**What you will do**
The data that follows is to be copied exactly, with each image removed.

═════ Dataset section

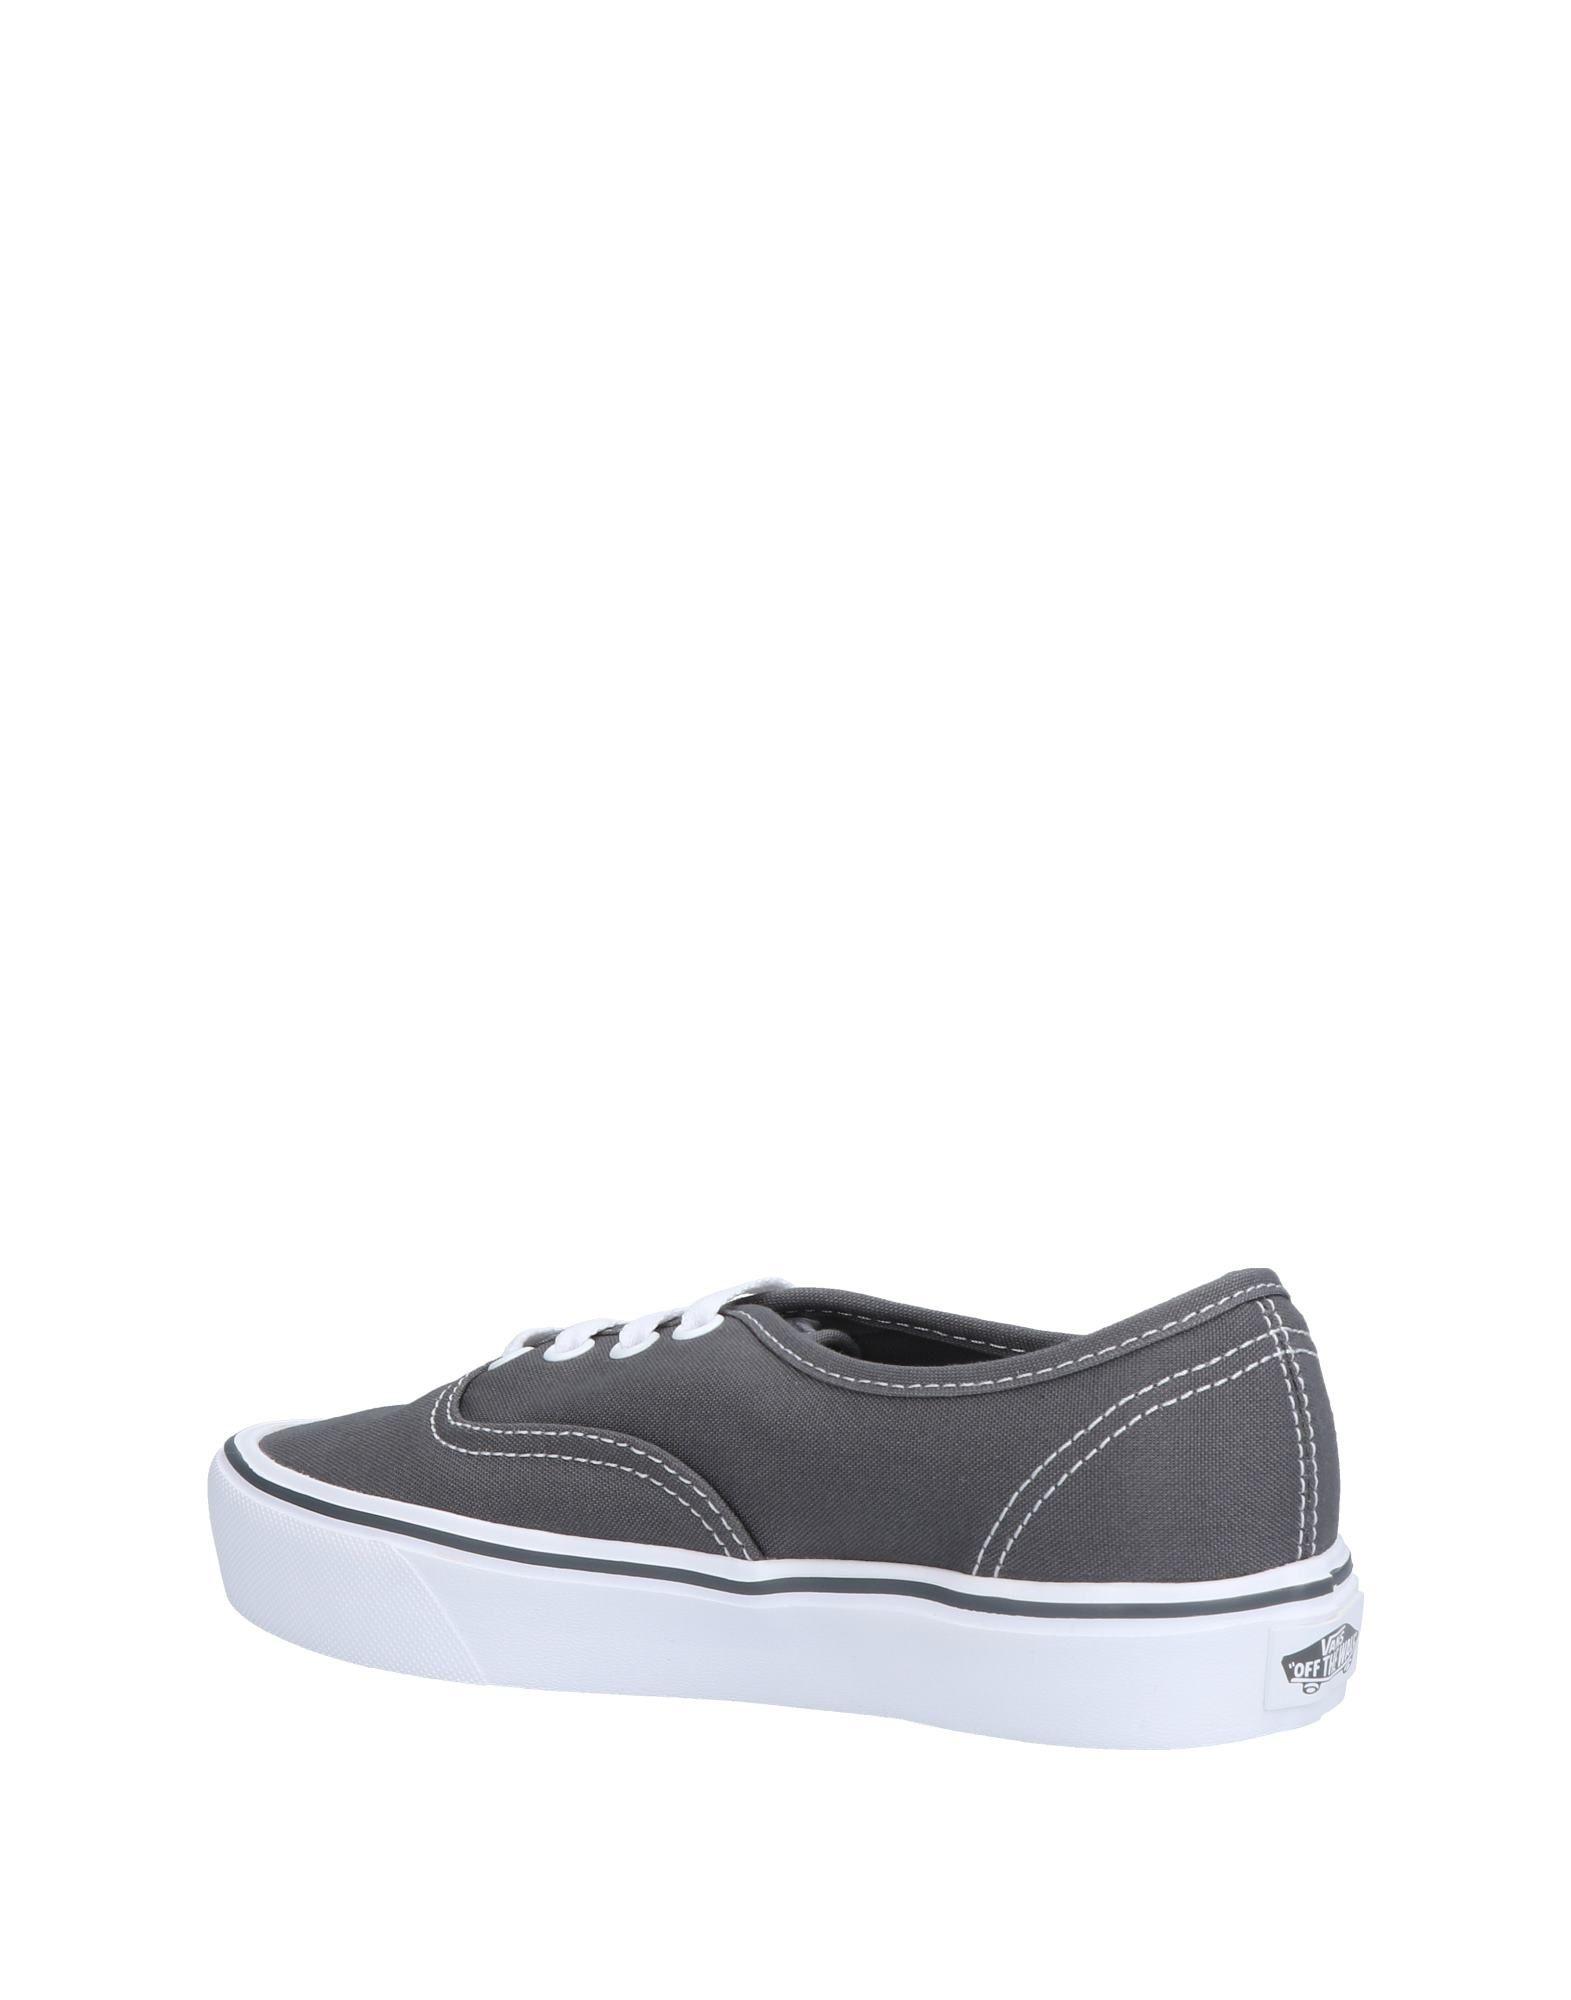 11473732RO Vans Sneakers Damen  11473732RO  Heiße Schuhe eff226
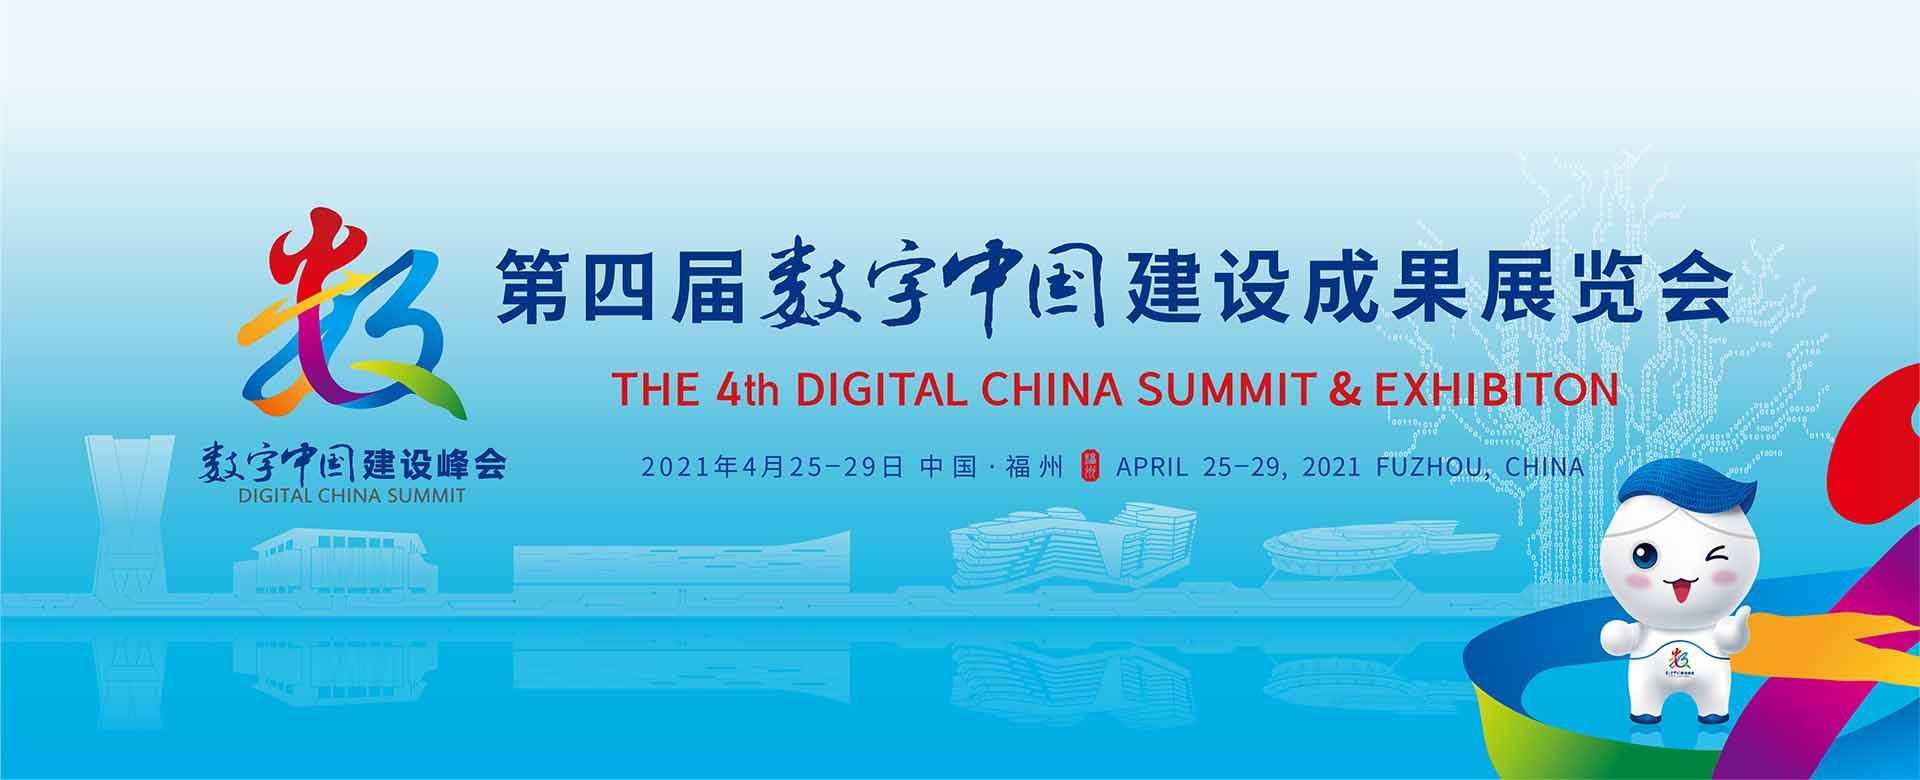 官宣了:首届中国(福州)国际数字产品博览会将于4月25-27日在海峡国际会展中心举办!
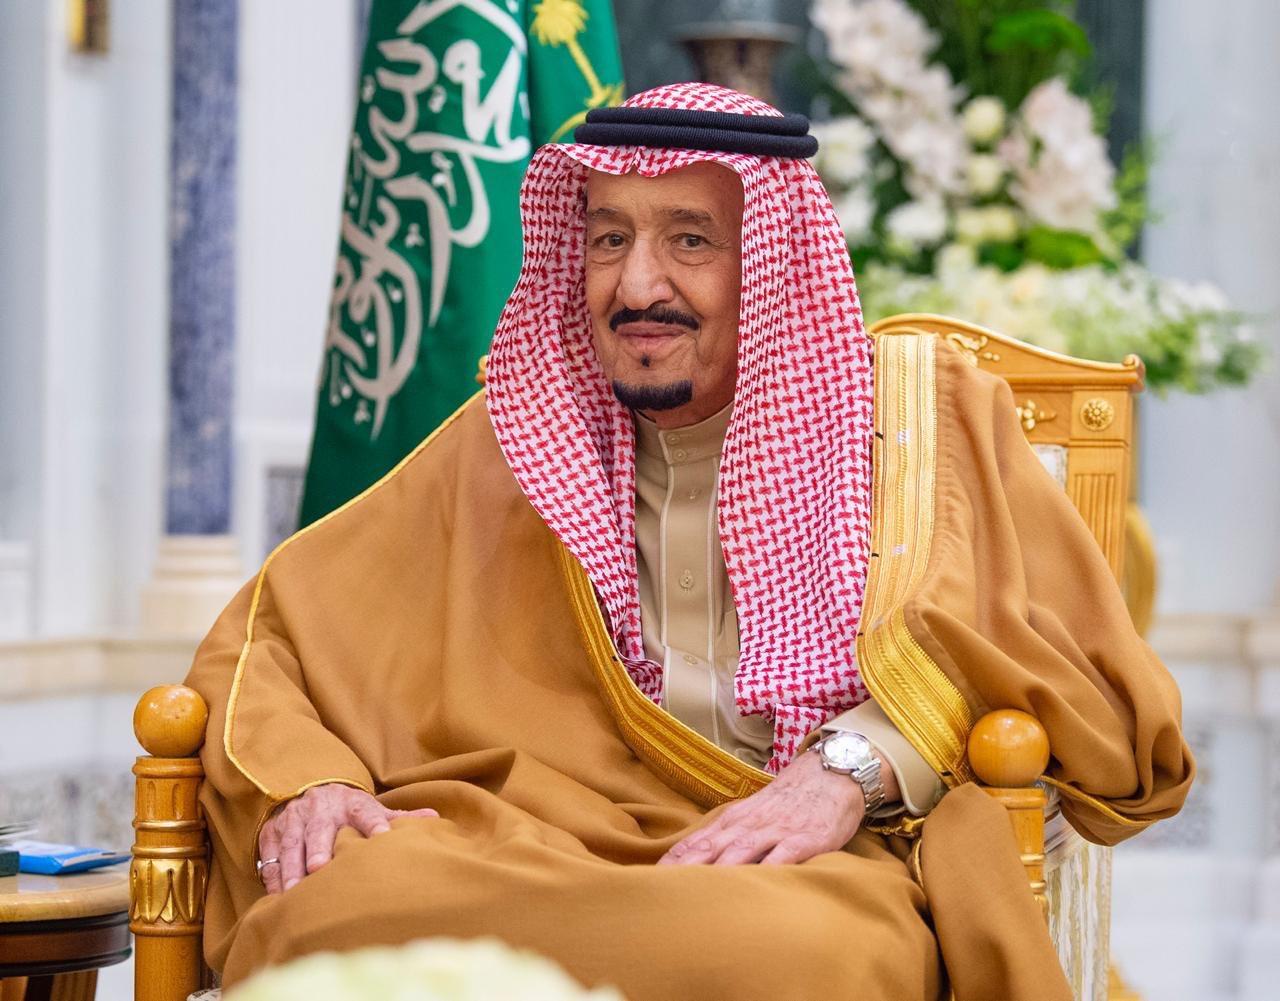 Suudi Arabistan Kralı Selman, hastaneye kaldırıldı

══════════

**Task response**
 11473732RO Vans Sneakers Damen  11473732RO  Heiße Schuhe eff226
 官宣了:首届中国(福州)国际数字产品博览会将于4月25-27日在海峡国际会展中心举办!
 Suudi Arabistan Kralı Selman, hastaneye kaldırıldı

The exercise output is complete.